**Exercise description**
Keep to the lines from the one with "L'état de conservation" through the end of the data, and write them out exactly.

********************

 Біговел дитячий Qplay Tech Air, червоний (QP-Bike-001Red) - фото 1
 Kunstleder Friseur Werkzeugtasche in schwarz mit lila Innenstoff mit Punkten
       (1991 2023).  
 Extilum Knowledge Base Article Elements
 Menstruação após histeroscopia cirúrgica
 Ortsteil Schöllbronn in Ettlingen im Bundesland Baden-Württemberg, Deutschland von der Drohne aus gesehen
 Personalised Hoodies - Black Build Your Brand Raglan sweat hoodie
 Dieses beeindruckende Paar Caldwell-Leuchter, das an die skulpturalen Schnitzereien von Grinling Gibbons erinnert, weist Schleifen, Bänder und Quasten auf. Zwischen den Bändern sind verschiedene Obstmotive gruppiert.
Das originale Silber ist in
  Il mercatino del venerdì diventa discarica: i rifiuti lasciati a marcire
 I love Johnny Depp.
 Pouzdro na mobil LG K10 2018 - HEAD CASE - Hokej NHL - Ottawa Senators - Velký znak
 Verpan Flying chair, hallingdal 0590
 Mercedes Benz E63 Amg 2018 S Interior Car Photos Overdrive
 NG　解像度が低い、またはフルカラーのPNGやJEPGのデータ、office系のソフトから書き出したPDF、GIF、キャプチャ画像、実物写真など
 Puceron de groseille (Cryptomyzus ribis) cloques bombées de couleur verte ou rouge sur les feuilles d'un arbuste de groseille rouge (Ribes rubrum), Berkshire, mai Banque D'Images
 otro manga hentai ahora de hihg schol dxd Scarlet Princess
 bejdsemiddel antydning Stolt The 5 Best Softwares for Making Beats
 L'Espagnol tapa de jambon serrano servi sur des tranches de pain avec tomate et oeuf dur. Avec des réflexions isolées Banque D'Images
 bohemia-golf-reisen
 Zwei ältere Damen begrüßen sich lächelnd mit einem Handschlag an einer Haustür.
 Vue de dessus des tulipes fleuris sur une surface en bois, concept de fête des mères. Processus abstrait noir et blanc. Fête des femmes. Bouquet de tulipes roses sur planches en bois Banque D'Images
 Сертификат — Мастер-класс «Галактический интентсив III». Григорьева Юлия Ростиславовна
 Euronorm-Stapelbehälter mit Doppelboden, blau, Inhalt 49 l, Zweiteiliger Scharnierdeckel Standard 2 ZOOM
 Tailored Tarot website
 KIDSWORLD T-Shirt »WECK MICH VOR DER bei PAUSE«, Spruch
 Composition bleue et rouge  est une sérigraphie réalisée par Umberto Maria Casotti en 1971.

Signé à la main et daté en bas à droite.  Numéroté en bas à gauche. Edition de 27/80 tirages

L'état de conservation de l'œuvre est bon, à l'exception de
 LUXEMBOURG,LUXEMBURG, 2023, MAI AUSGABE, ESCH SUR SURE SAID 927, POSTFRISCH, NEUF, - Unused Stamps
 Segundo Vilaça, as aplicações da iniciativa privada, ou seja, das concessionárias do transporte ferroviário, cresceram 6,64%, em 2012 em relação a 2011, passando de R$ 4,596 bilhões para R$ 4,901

********************

**Response box**
L'état de conservation de l'œuvre est bon, à l'exception de
 LUXEMBOURG,LUXEMBURG, 2023, MAI AUSGABE, ESCH SUR SURE SAID 927, POSTFRISCH, NEUF, - Unused Stamps
 Segundo Vilaça, as aplicações da iniciativa privada, ou seja, das concessionárias do transporte ferroviário, cresceram 6,64%, em 2012 em relação a 2011, passando de R$ 4,596 bilhões para R$ 4,901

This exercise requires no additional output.